Из снежной сетки приближался экипаж. К счастью, не калибер, а первосортные сани с полостью и верхом. И кучер дородный и хорош собой — не «ванька» в плохоньком армяке. Кафтан — новенький, сбруя — с бляшками, пара лошадей — сытые.

— Ну вот, — сказал старик. — Теперь и моя очередь.

— А вы откуда же?

— Рогожский… С Малой Андроньевской.

Алеся словно что-то толкнуло. Малая Андроньевская? Рогожские Палестины , но не возле самой заставы, откуда гонят каторжных. Если поточнее, то ближе не к Рогожской, а к Покровской заставе. Как было бы удобно… Волк никогда не нападает у своего логова. А тут и Камер-Коллежский вал, граница города.

— По старому согласию живете? — спросил он.

— Издревле препрославленные, — немного тише сказал старик. — По рогожскому кладбищу.

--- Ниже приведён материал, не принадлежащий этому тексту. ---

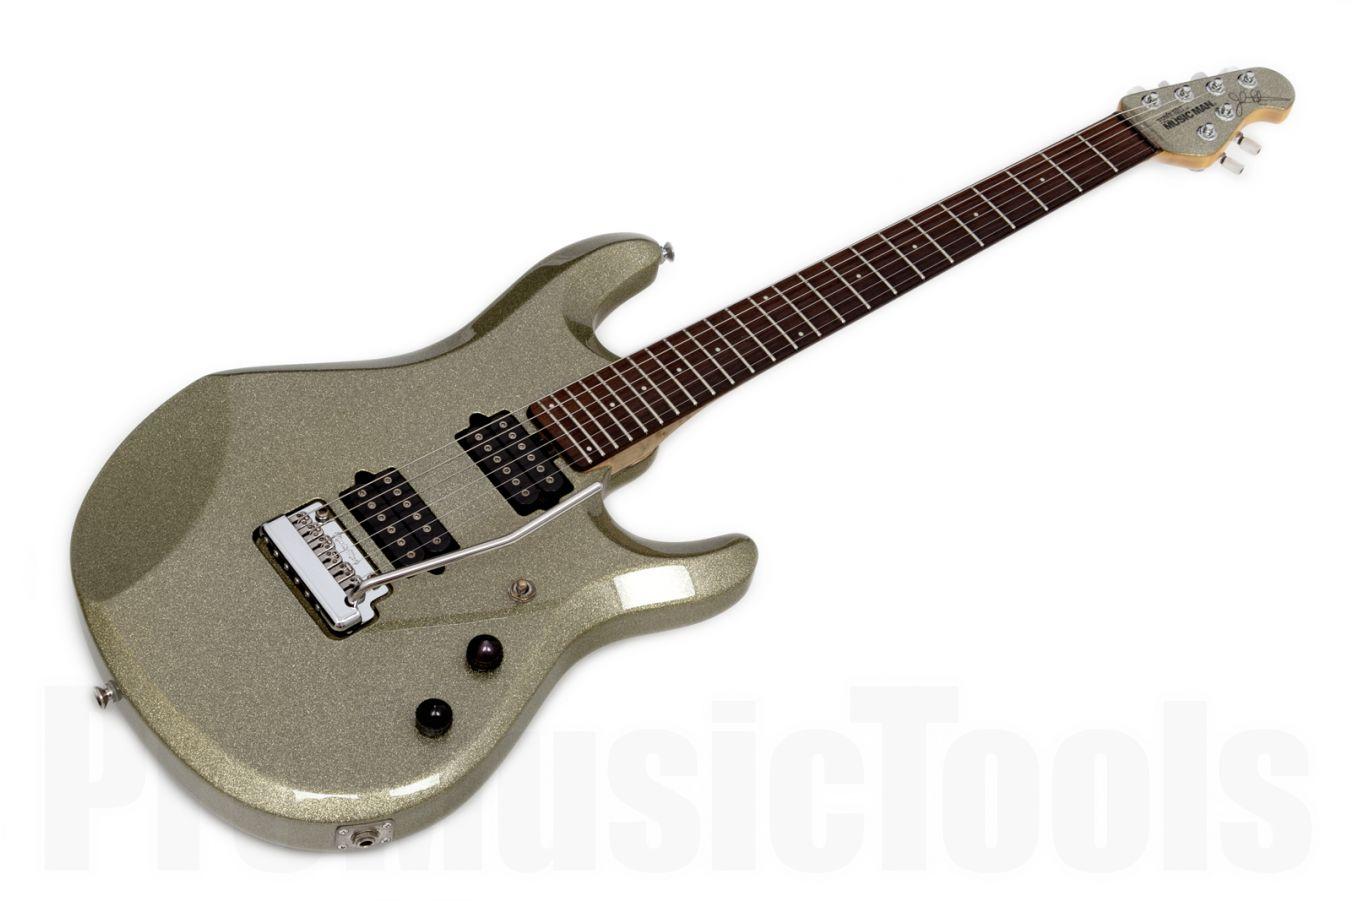 Music Man USA John Petrucci JP6 GGS - Gremlin Green Sparkle MH

— И наверное, не новоблагословенные.

Старик опустил было голову и вдруг твердо, хотя и исподлобья, взглянул на Алеся:

— Священства от никониан не приемлем.

Если до этого Алесь и сомневался, то теперь все сомнения рассеялись. Осторожность осторожностью, но это был настолько удобный случай, что стоило рисковать. Ибо никуда не годится тот игрок, который не умеет без раздумий схватить за шкирку случайность. На Рогожской не было пришлого элемента, тут никогда не пускали чужих. Этот тугой и гордый мир выталкивал из себя всех не своих, как ртуть выталкивает железо: «Не лезь, не суйся, у нас свой нрав, свой быт, свои обычаи».

И сей гордой независимостью эти мужики, эти купцы, то бишь те же вчерашние мужики, чем-то напоминали наиболее старозаветную часть Алесева окружения. Пусть заскорузлость, пусть дикая косность — эти люди были из обиженных, а значит, в чем-то братья.

Не воспользуешься — другого случая может не представиться.

— Что же ты стоишь, Кирдун? — сказал Алесь. — Уложи в сани кофр его степенства.

Кирдун взглянул на Алеся удивленно, но, хорошо вышколенный, ничего не сказал. Значит, Алесь все обдумал.

— Что же это вы, батюшка, — сказал купец, — меня?

— А чего вам здесь мокнуть? И так полчаса стояли.

Он уже сидел под верхом. Купец торопясь, чтоб не передумали, полез на соседнее место.

Извозчик повернул к ним лицо, нахальное, синеокое и мордастое, как решето:

— Куда, ваше высокородие?

— Новотроицкий трактир, на Ильинке… Оттуда вот его степенство на Малую Андроньевскую. Ты, Халимон, его вещи доставишь на крыльцо, а ты, кучер, потом вернешься ко мне.

В бороде кучера затаилось плохо скрытое презрение.

— Неуместно вам с этим «степенством» ехать, — развязно сказал он.

— Не твое дело, гужеед, — оборвал его Алесь.

Он никогда не разговаривал так с людьми, но в данном случае это было нужно. А если это было нужно — он мог. Сыграл же Мстислав роль купчика. Ему, Алесю, было проще. У него была властность, мало того, привычка властвовать.

— Как зовут? — спросил он кучера.

— Макаром, — слегка оторопело сказал тот.

— Так я и думал. Ты скокни, Макар, пожалуйста, и поправь полость на ногах у их степенства.

Макар полез с козел. Купец почти испуганно глядел, как расправляется его сосед с лакейским хамством.

— Вот так, Макар, — сказал Алесь. — Спасибо. И запомни: это тоже твоя работа. И уж вовсе не твоя работа рассуждать, с кем я еду, куда еду и каков я еду.

Нужно было сбить спесь, и сделать это можно было только местным барством наихудшего тона. Раз и навсегда.

— У тебя сейчас нету хозяина, Макар? Ну, на неделю, на месяц? Где твой?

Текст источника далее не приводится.